Duru Yavan – 08.12.2015
1993 yılında Diyarbakır, Kulp ilçesinde 11 sivilin öldürülmesi ile ilgili olarak, eski Bolu Tugay Komutanı emekli Tuğgeneral Yavuz Ertürk’ün “kasten öldürme” suçundan 11 kez müebbet ve “suç işlemek amacıyla örgüt kurma” ile “halkı silahlı isyana teşvik” suçlarından 25 yıla kadar hapis cezası ile yargılandığı, Kulp davasının 10. duruşması 8 Aralık 2015 tarihinde Ankara’da gerçekleşti.
Ne olmuştu?
8 Ekim 1993 tarihinde Muş ile Diyarbakır’ın Kulp ve Lice ilçeleri arasındaki bölgede başlayan ve Yavuz Ertürk’ün komutanı olduğu Bolu Tugayı tarafından gerçekleştirilen bir operasyonda Mehmet Salih Akdeniz, Celil Aydoğdu, Behçet Tutuş, Mehmet Şerif Avar, Hasan Avar, Bahri Şimşek, Mehmet Şah Atala, Turan Demir, Abdo Yamık, Nesreddin Yerlikaya, Ümit Taş gözaltına alınmış ancak bir süre sonra kendilerinden haber alınamamıştı. Kayıp yakınları olayın hemen ardından savcılığa yaptıkları başvurulardan bir sonuç elde edememiş ve AİHM’ye başvurmuştu. AİHM, 31 Mayıs 2001’de, bizzat Türkiye’de Yavuz Ertürk de dahil bütün ilgililerin ifadelerini alarak yaptığı soruşturma sonucunda Sözleşmenin 2. 3. 5(1). 13.cü ve 25. maddenin ihlal edildiğine ilişkin kapsamlı bir karar vermişti.
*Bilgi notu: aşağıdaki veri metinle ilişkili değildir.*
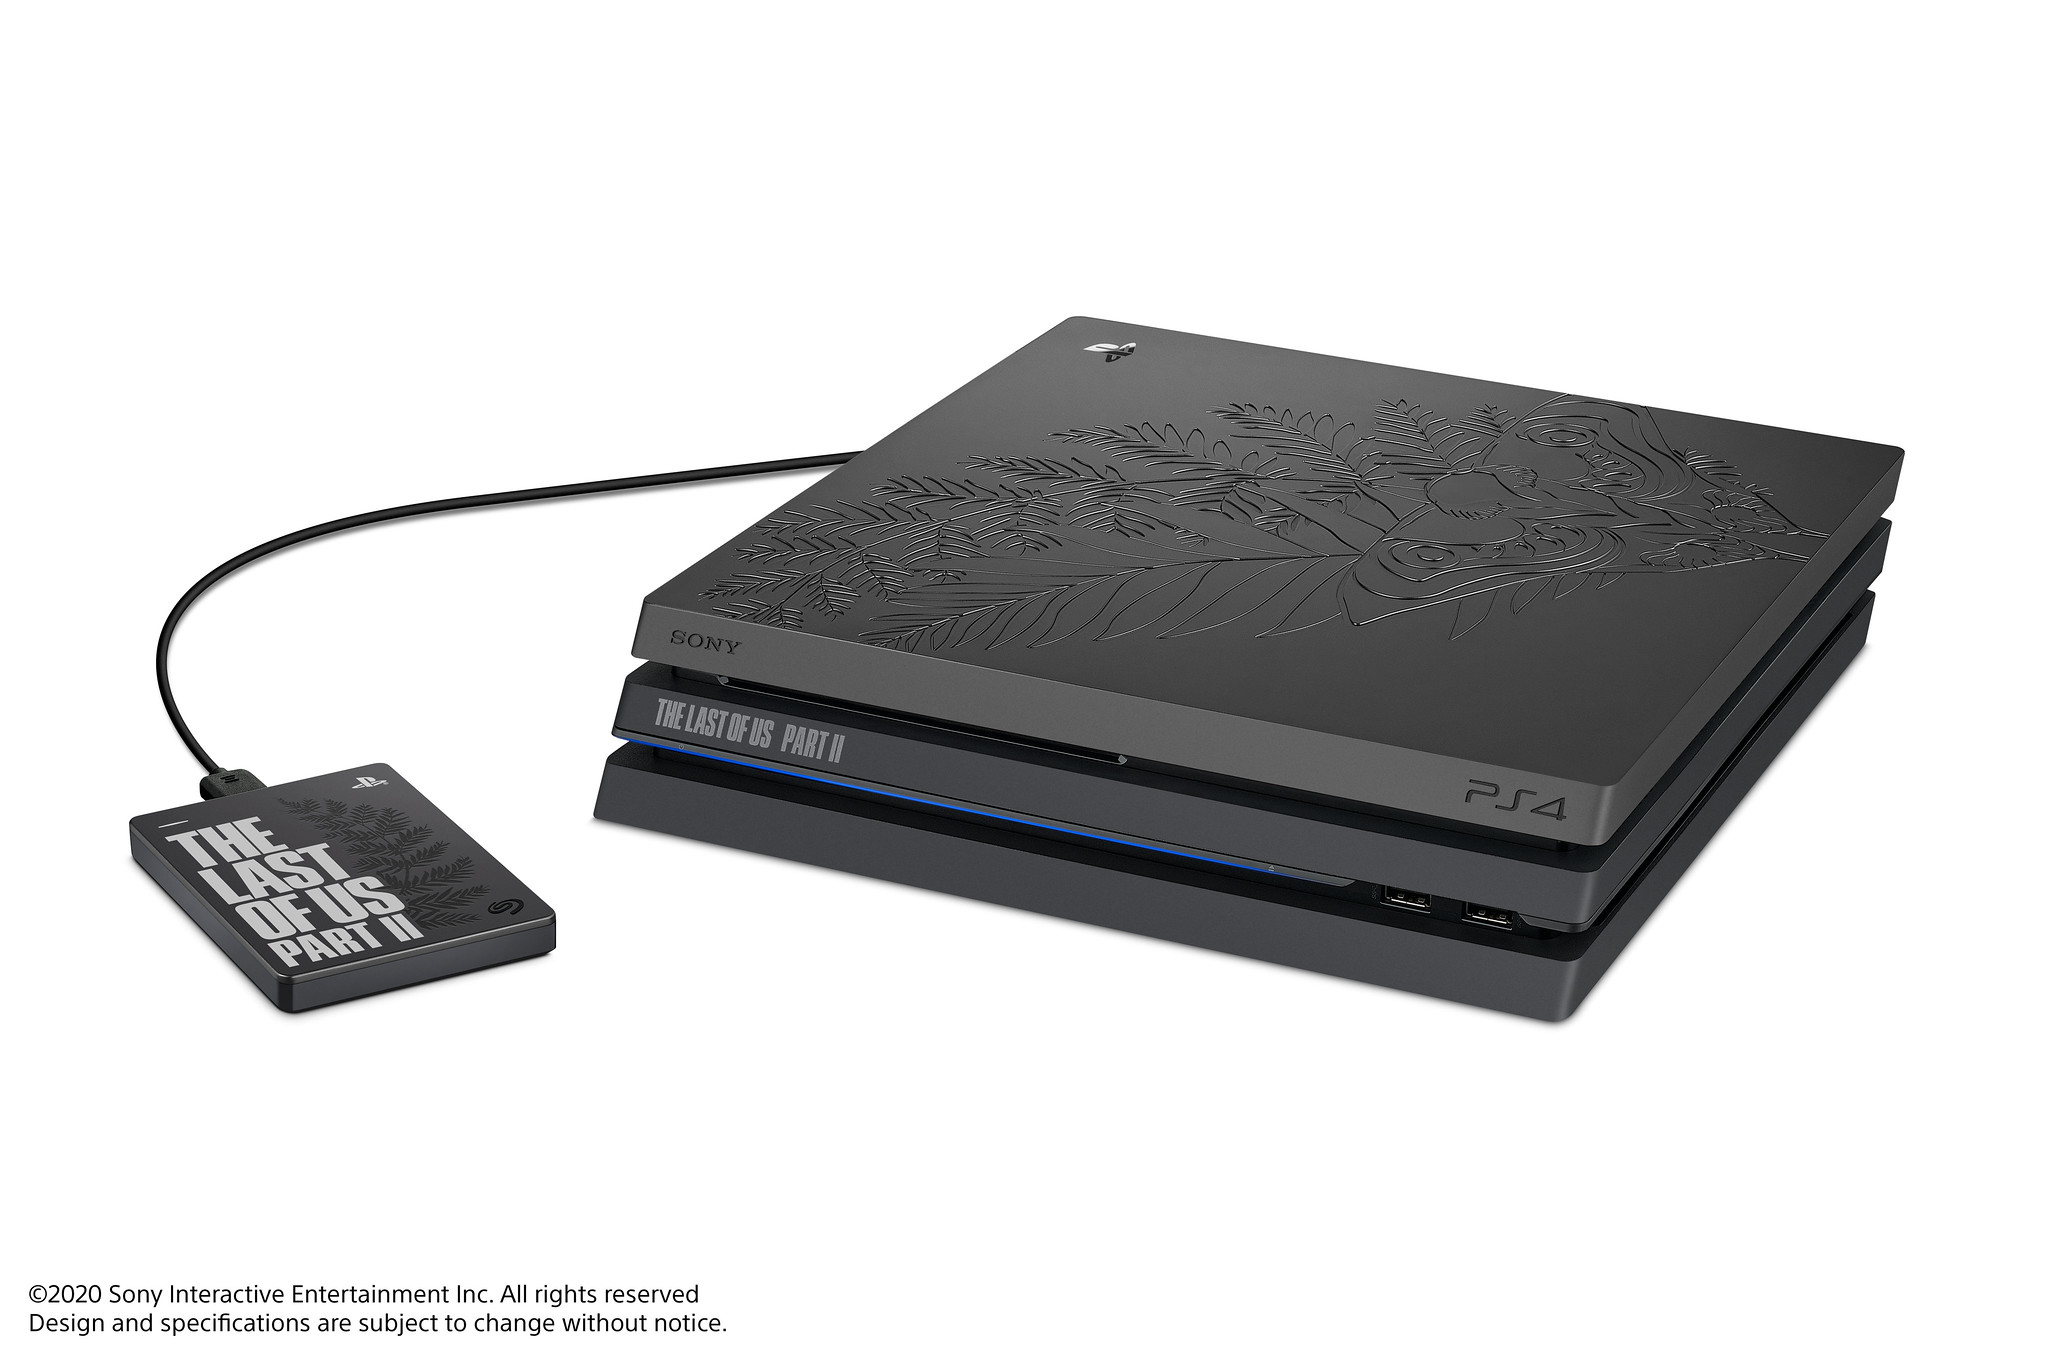 The Last of Us Part II gets limited edition PS4, Game Drive, controller and  headset

2004 senesinde Alaca köyüne yakın bir dere yatağında bulunan kemiklerin kaybedilen kişilerden bazılarına ait olduğunun tespit edilmesiyle tekrar başlatılan soruşturma neticesinde ancak 2013 yılında iddianame kabul edilmiş ve Yavuz Ertürk’e dava açılabilmişti.
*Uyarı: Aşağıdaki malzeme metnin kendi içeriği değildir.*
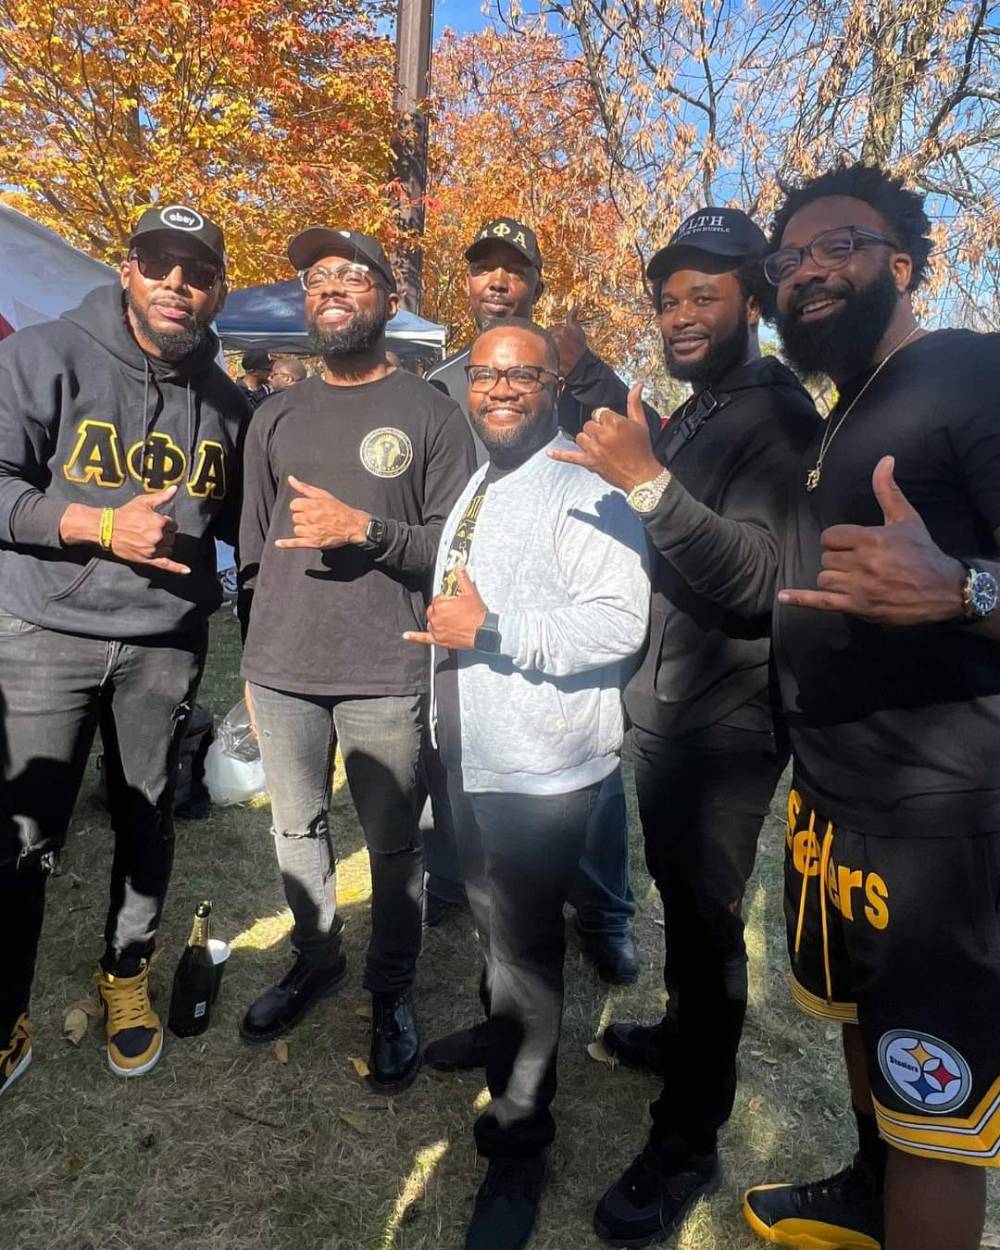 A group of alumni pose for a photo at the tailgate before the football game.

2013 yılından beri devam eden dava 4 Şubat 2014 tarihinde Diyarbakır’dan Ankara’ya nakledilmişti. Davanın Ankara’ya nakledilmesi nedeniyle, hem gerekli keşif ve incelemeler yerinde yapılamamış hem de kayıp yakınlarının duruşmaya katılımı her anlamda zorlaştırılmıştı. Neredeyse her duruşmada müdahil avukatları tarafından dile getirilen yetkisizlik talebi reddedilmişti. Ayrıca 8 Aralık 2014 tarihine kadar gerçekleşen dokuz duruşmada, Yavuz Ertürk ile beraber operasyona katılan diğer faillerin de tespit edilebilmesi ve cezalandırılması açısından önem arz eden, Bolu Tugay Komutanlığı’nın personel listesi ve Ekim 1993’te Alaca Köyü ve civarında yapılan operasyonlara ilişkin belgeler bir çok resmi kurum tarafından benzer gerekçelerle mahkemeye gönderilmemişti.
Duruşma Salonunun Görünümü
Yavuz Ertürk’ün hala tek sanık olarak yargılandığı Kulp Davası’nın 8 Aralık 2015’te, Ankara 7. Ağır Ceza Mahkemesi’nde gerçekleşen 10. duruşması 09.15’te başladı.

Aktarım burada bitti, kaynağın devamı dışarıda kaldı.